GET /categories/<category_id>/questions

Get questions filtered by category.

curl http://127.0.0.1:5000/categories/3/questions
{
  "success": true,
  "questions": [
    {
      "id": 13,
      "question": "What is the largest lake in Africa?",
      "answer": "Lake Victoria",
      "category": 3,
      "difficulty": 2
    },
    {
      "id": 14,
      "question": "In which royal palace would you find the Hall of Mirrors?",
      "answer": "The Palace of Versailles",
      "category": 3,
      "difficulty": 3
    }
  ],
  "totalQuestions": 2,
  "currentCategory": "Geography"
}

POST /quizzes

Request the next quiz question that hasn't been seen, optionally filtered by category.

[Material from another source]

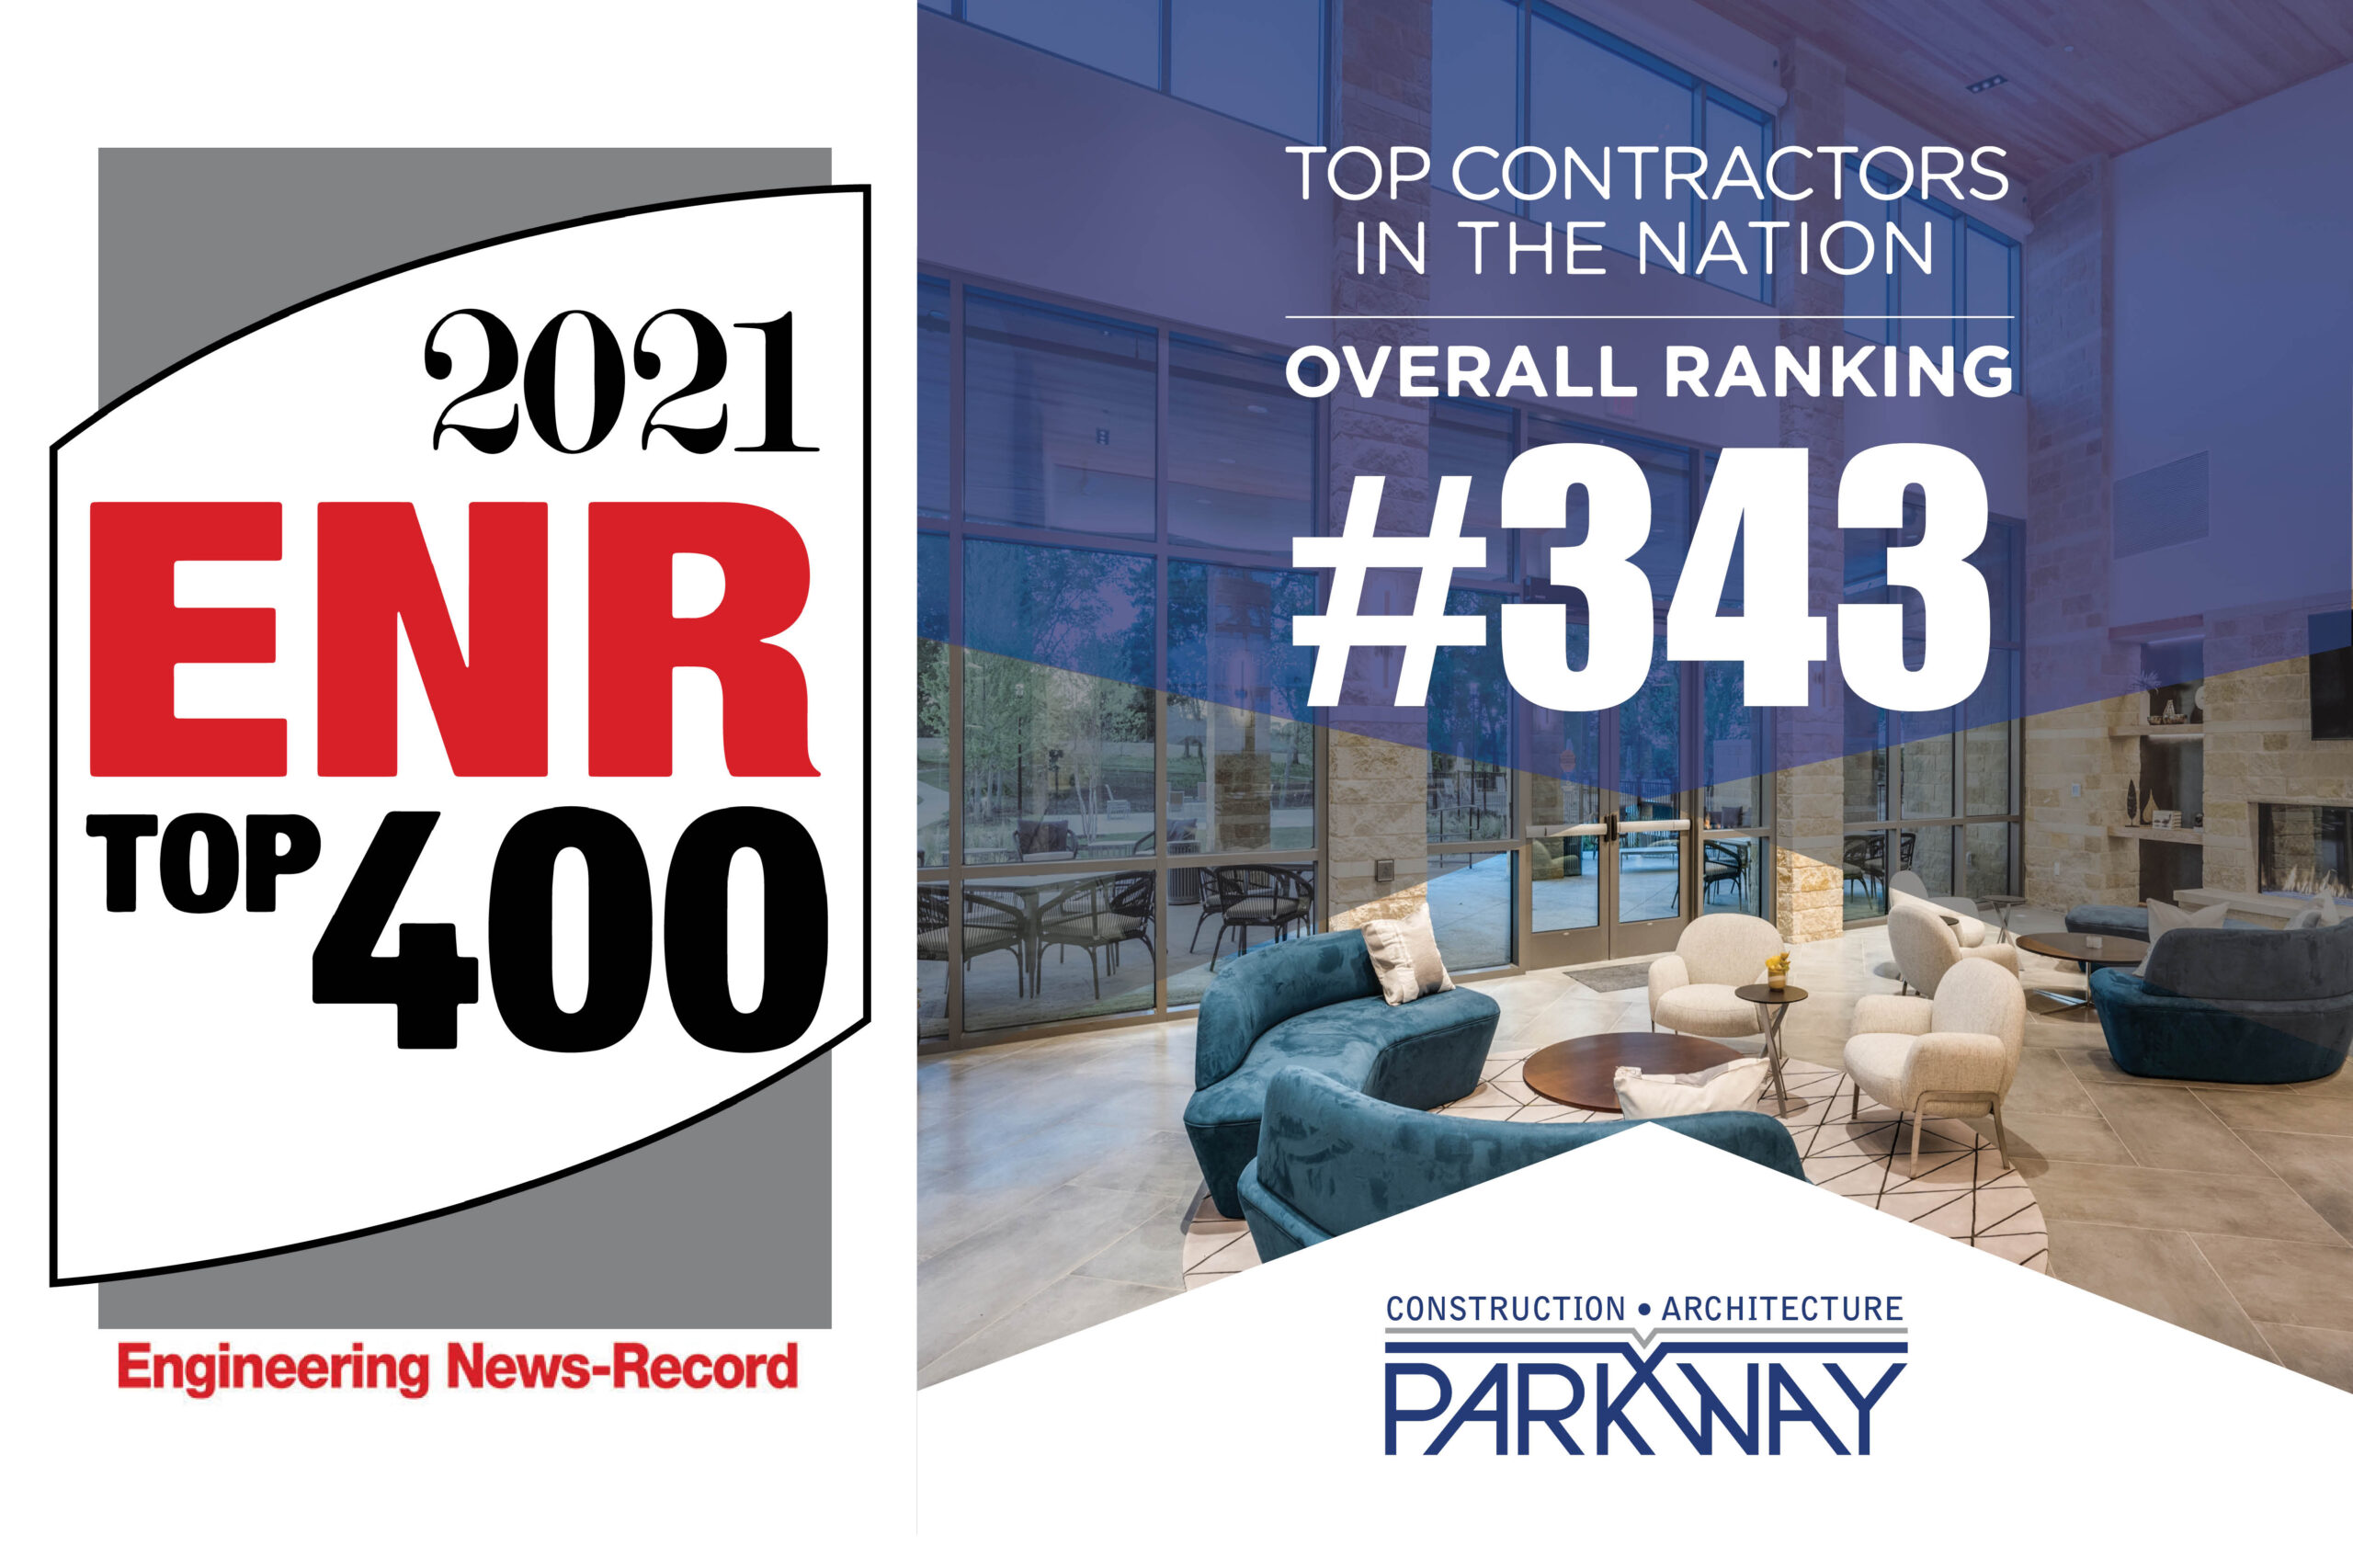 Parkway C&A, LP Named Top Contractor in ENR Top 400 List
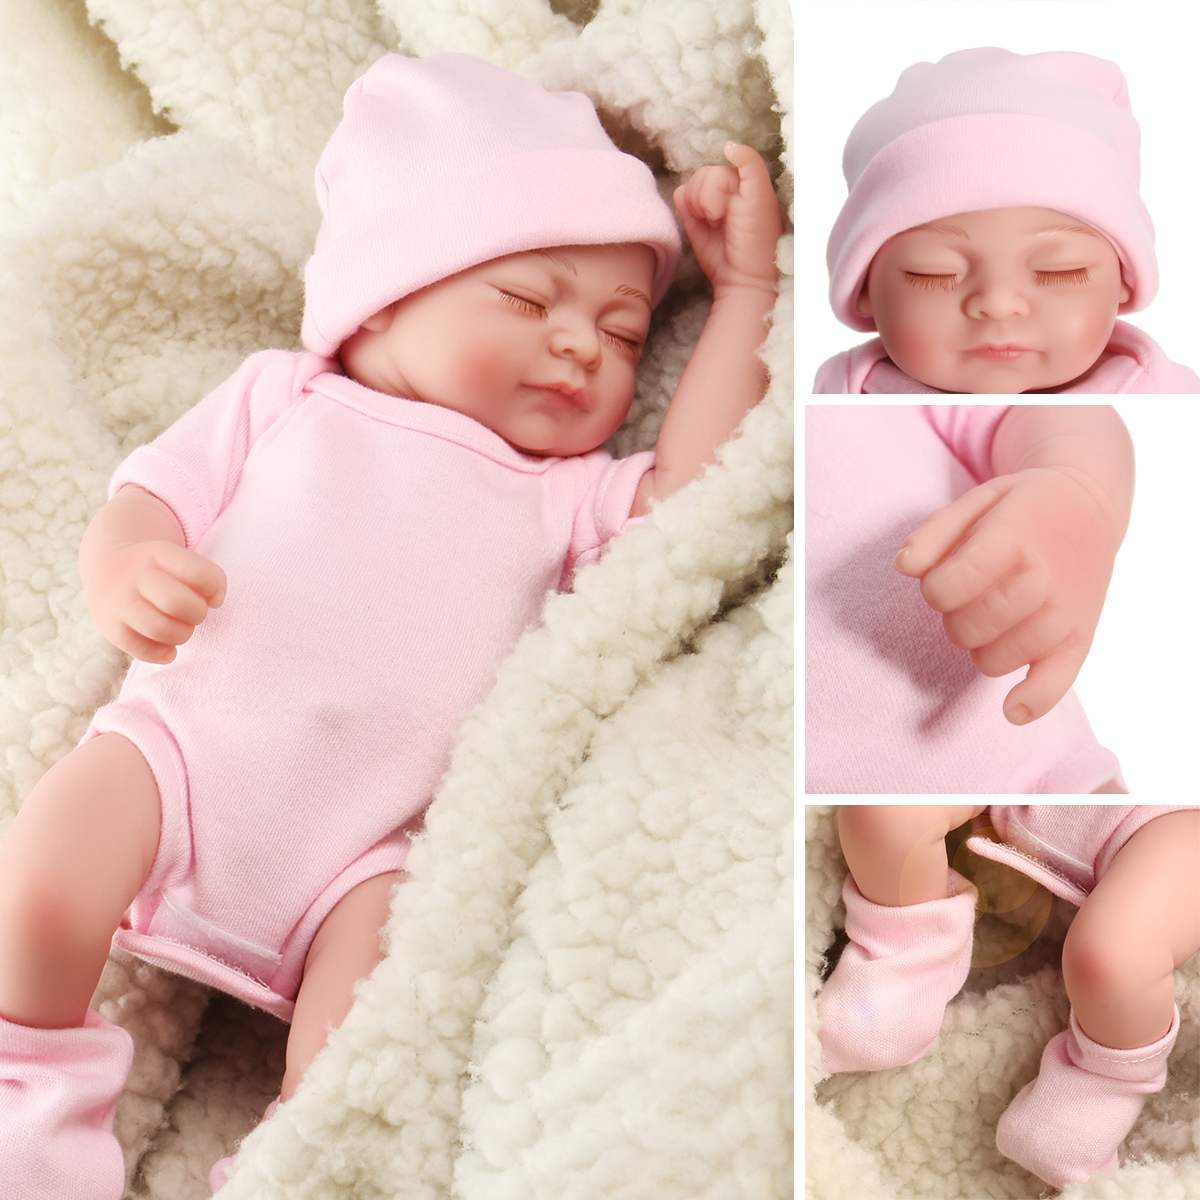 High Quality 11'' Realistic Lifelike Realike Alive Newborn Reborn Babies Silicone Vinyl... by

curl -X POST http://127.0.0.1:5000/quizzes \
  -H "Content-Type: application/json" \
  -d '{"quiz_category":{"id":"3"}, "previous_questions":[1,13]}'
{
  "success": true,
  "question": {
    "id": 14,
    "question": "In which royal palace would you find the Hall of Mirrors?",
    "answer": "The Palace of Versailles",
    "category": 3,
    "difficulty": 3
  }
}

when no more questions,"question" will be null


Example Error Responses

404 Not Found

{
  "success": false,
  "error": 404,
  "message": "The requested resource could not be found."
}

422 Unprocessable Entity

{
  "success": false,
  "error": 422,
  "message": "Unprocessable request."
}

All endpoints return JSON. Pagination for questions is in groups of 10.
For more usage examples, see the test file.